Understanding LLMs

Large Language Models (LLMs), such as GPT-3, are powerful tools that can generate natural language across various domains and tasks. However, they are not perfect and have limitations and risks that need to be considered before deciding to use them for real-world use cases. This articles provides some recommendations for the use cases of large language models.

These models can be best used for generative applications

LLMs are trained on massive amounts of text. The objective is to learn the statistical patterns of language, and predict the most likely word given the previous words. Therefore, they are most suited for the following scenarios that require generating coherent and fluent text:

  • Writing stories
  • Writing essays
  • Writing captions
  • Writing headlines
  • Generating natural language from structured data
  • Writing code from natural language specifications
  • Summarizing long documents

However, they may not perform well on tasks that require more logical reasoning, factual knowledge, or domain-specific expertise. For the latter, sufficient relevant information needs to be augmented to the prompt to ground the model.

Bad answers, factual errors, and other problematic output will happen

Large language models are not infallible, and they may produce output that is incorrect, misleading, biased, offensive, or harmful. This failure can happen for one of the following reasons:

  • Data quality issues
  • Model limitations
  • Adversarial inputs
  • Unintended consequences

Therefore, the use case should be designed in a way that minimizes the effect and frequency of such failures. It should also provide mechanisms for detecting, correcting, and reporting them. For example, the use case could include quality checks, feedback loops, human oversight, or ethical guidelines.

Smaller models might work better than LLMs

LLMs are general-purpose models that can handle a wide range of tasks. They may not be optimal for specific tasks that require more specialized knowledge or skills. In many cases, a smaller, purpose-built NLP model may outperform GPT-3 for a narrow, non-generation task.

For example, take a task that involves classifying text into predefined categories, such as sentiment analysis, spam detection, or topic modeling. That task may benefit from a model that is trained and fine-tuned on a relevant dataset and objective, rather than a generic model that tries to fit all possible scenarios. A purpose-built NLP model may also be more efficient, interpretable, and explainable than a large language model.
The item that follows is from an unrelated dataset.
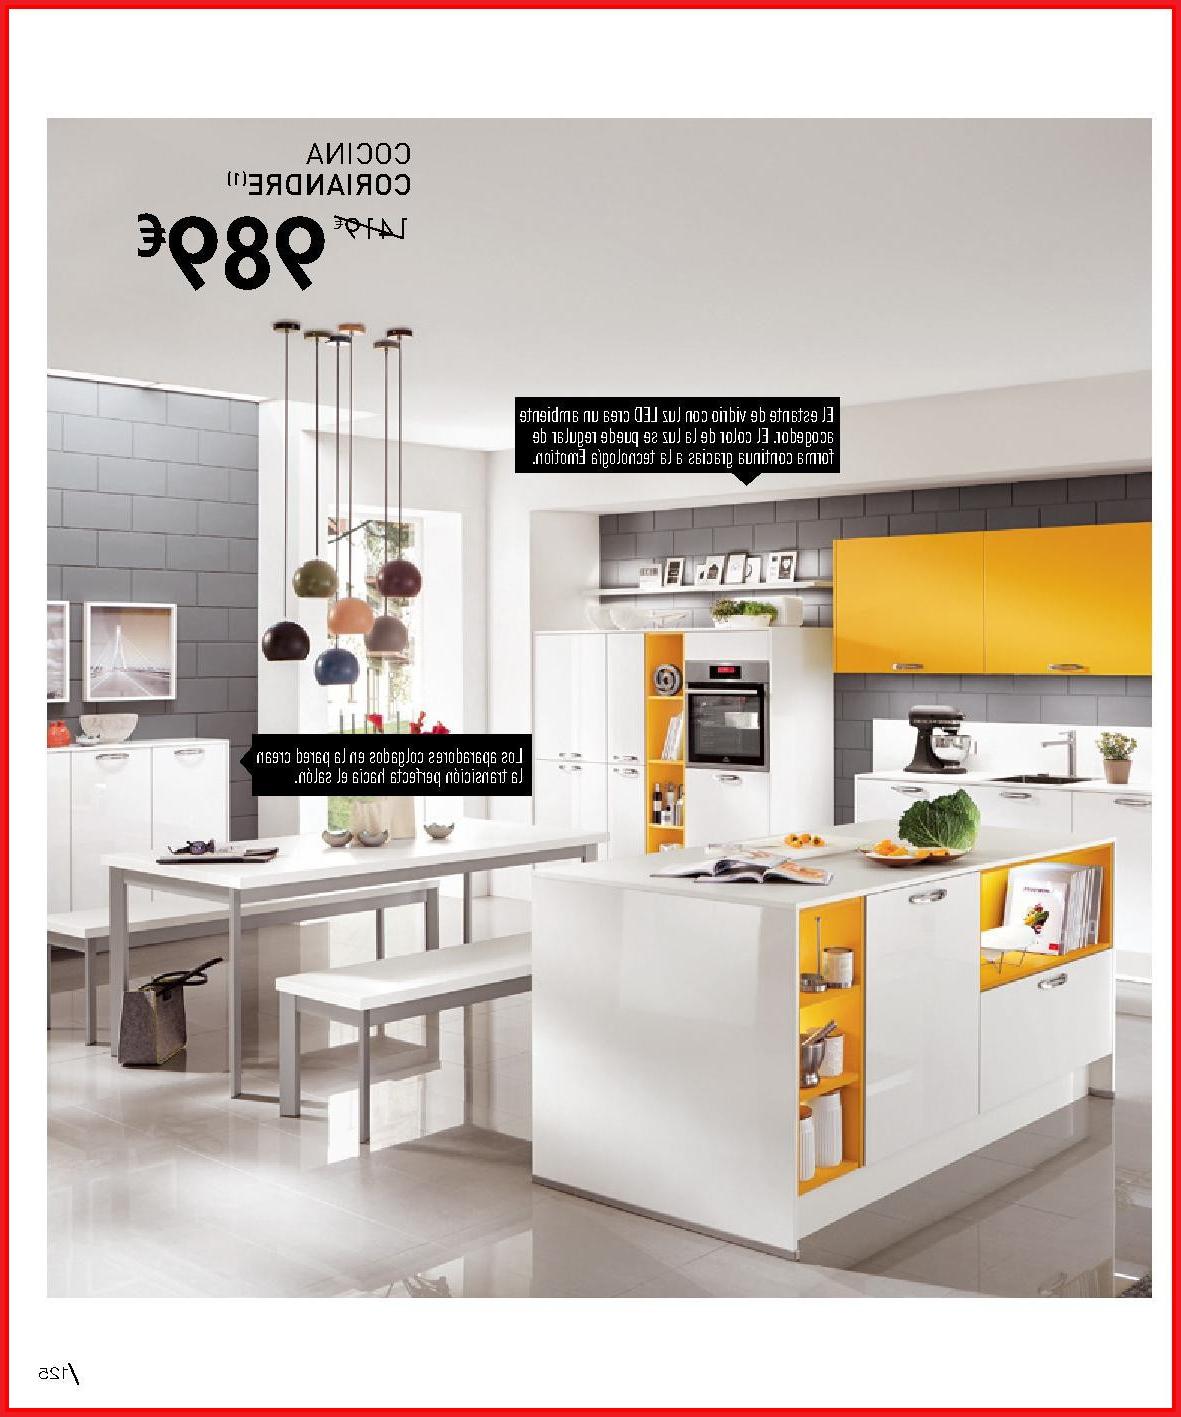 Catalogo Muebles De Cocina Jxdu Decorablog Revista De Decoracià N ...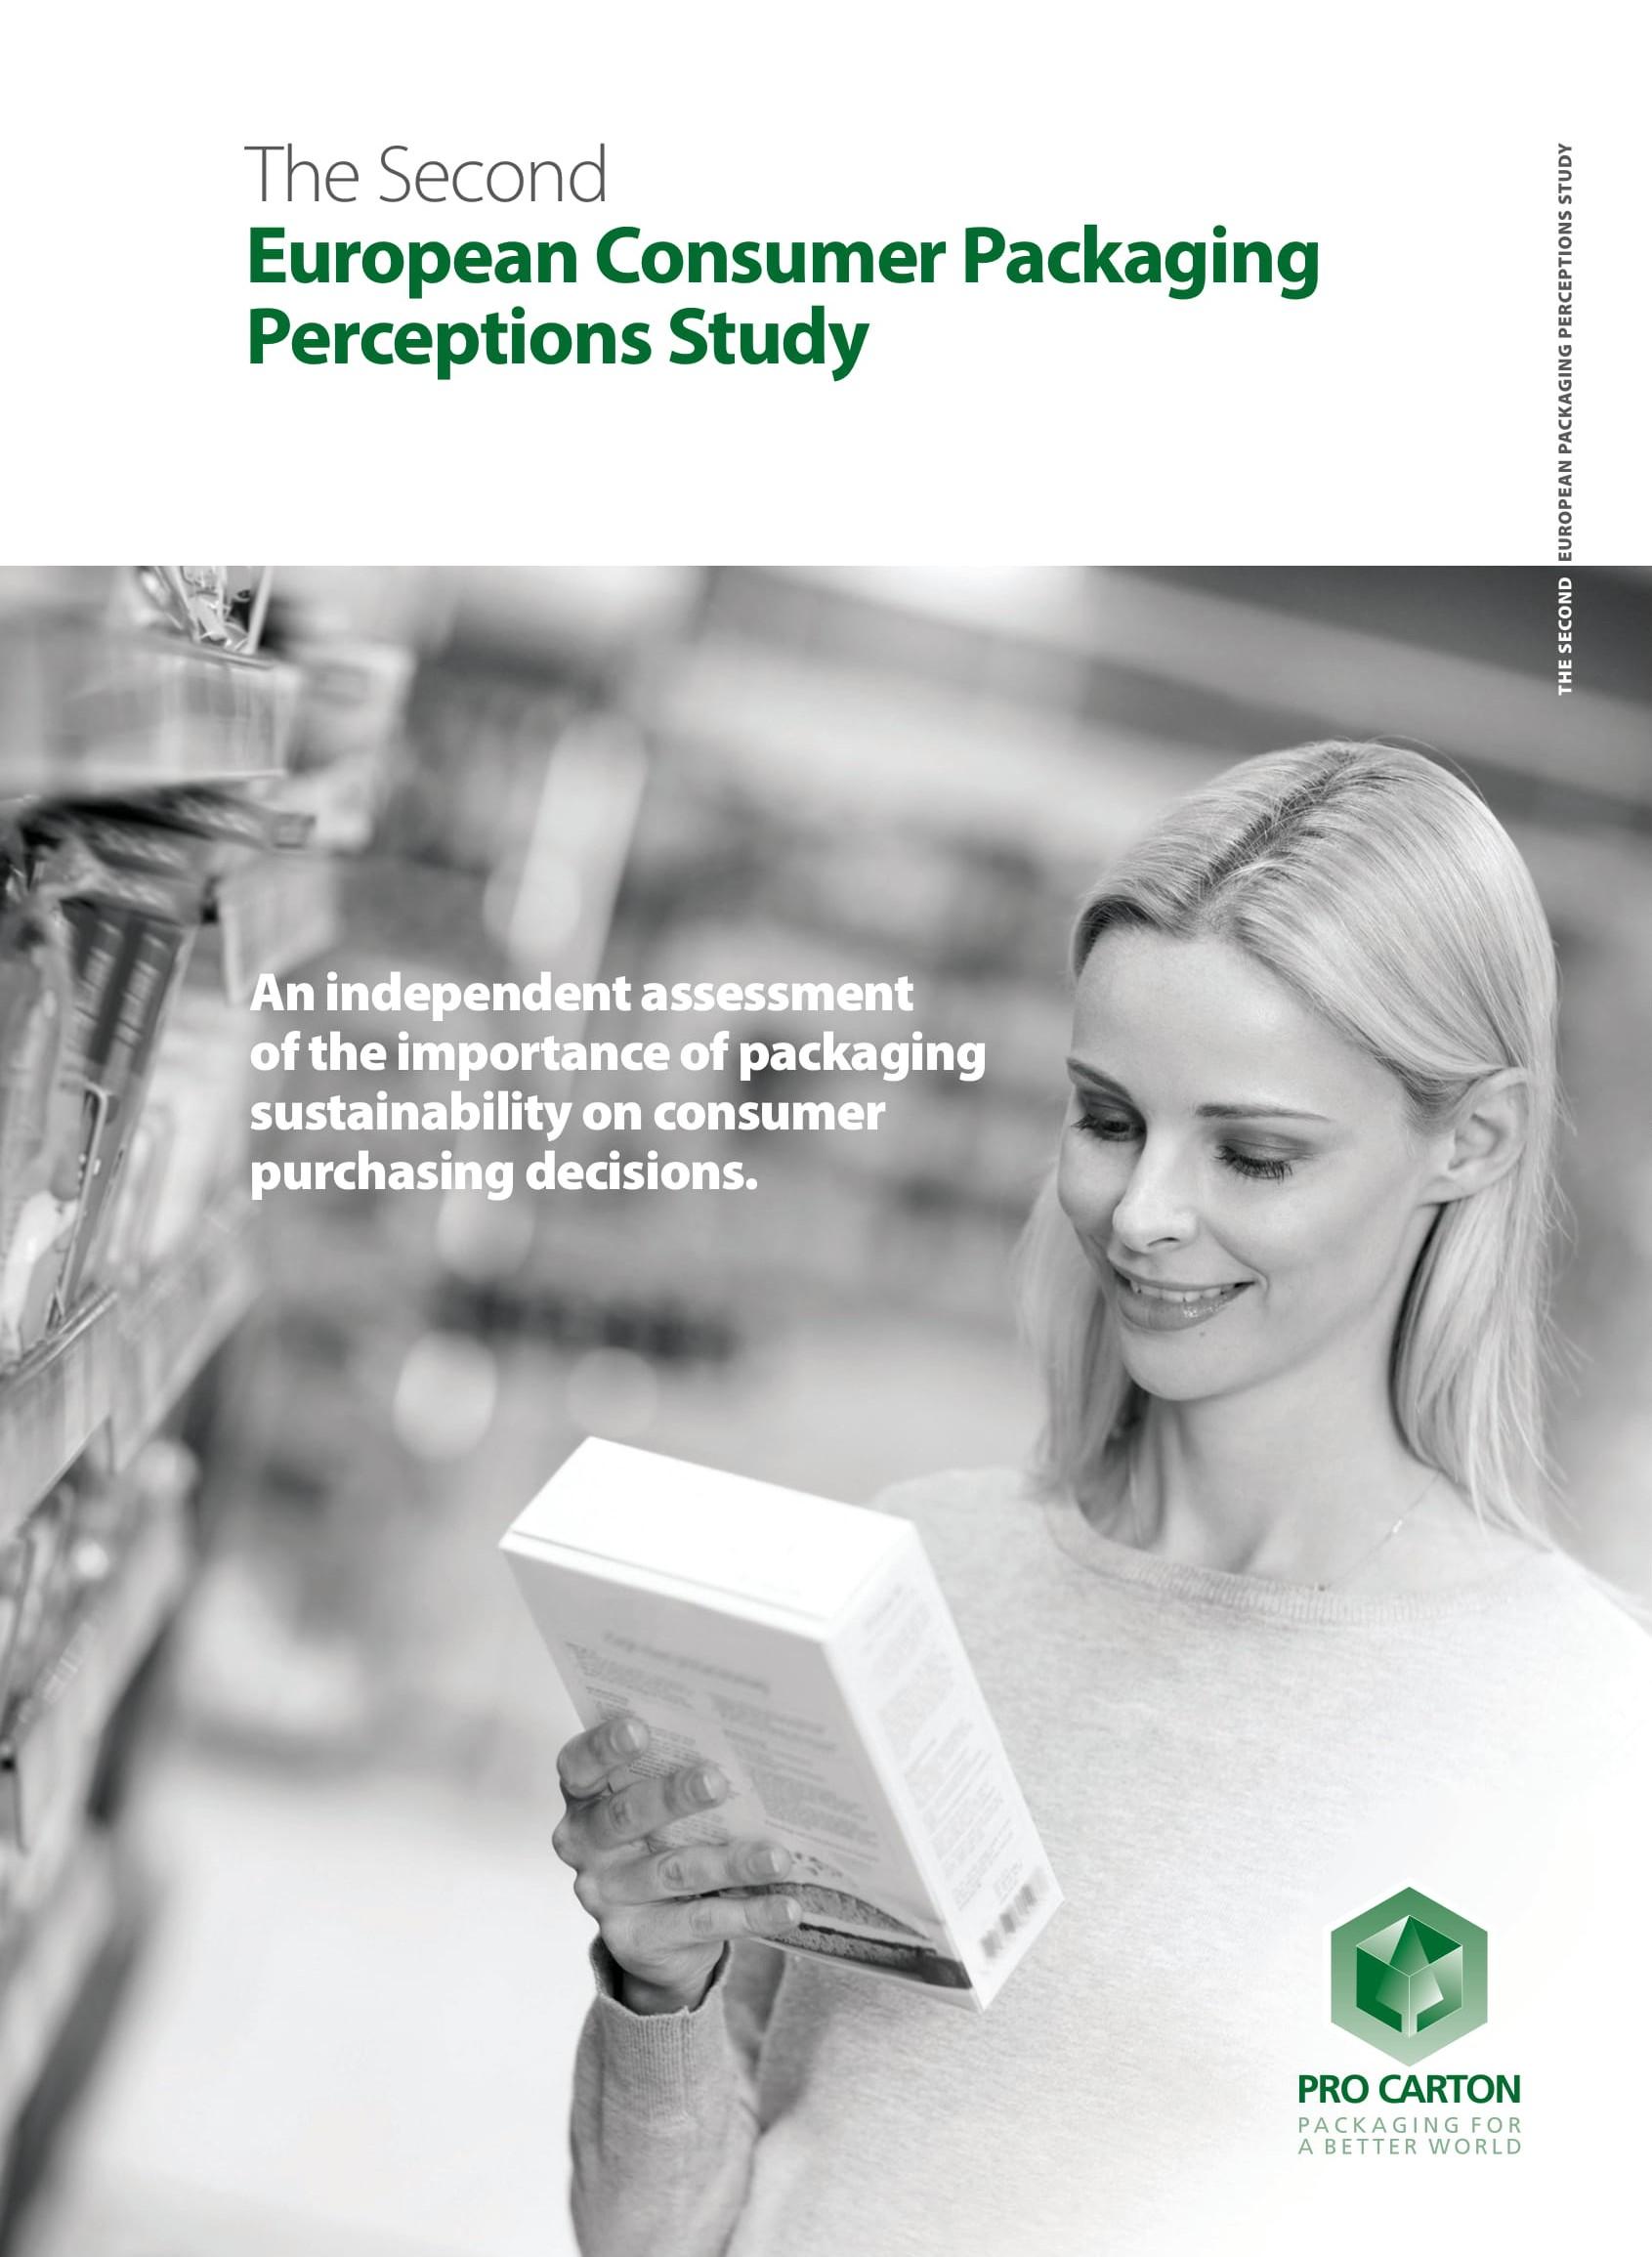 2nd European Consumer Packaging Perceptions Study

Use caution when sharing LLM output

LLMs are not recommended for use cases where outputs are directly consumed by end users. LLMs can generate plausible and convincing text, but they cannot guarantee its accuracy, reliability, or suitability for a given purpose. Therefore, we do not recommend use cases where the model outputs are directly presented to an end user, especially in high-risk or high-stakes contexts.

Particular care should be taken when the end user lacks the knowledge or expertise necessary to verify the validity of an LLM response. Consider these examples:

  • Medical advice
  • Legal guidance
  • Financial information
  • Educational content

In these cases, a human expert should be involved in the process. They should either review, edit, or approve the model outputs, or provide more context, clarification, or disclaimer.

Conclusion

In conclusion, LLMs are powerful and versatile tools that can enable many novel and useful applications. They also have limitations and risks that need to be carefully considered and addressed. We hope that these recommendations can help developers and users of large language models to make informed and responsible decisions about their use cases.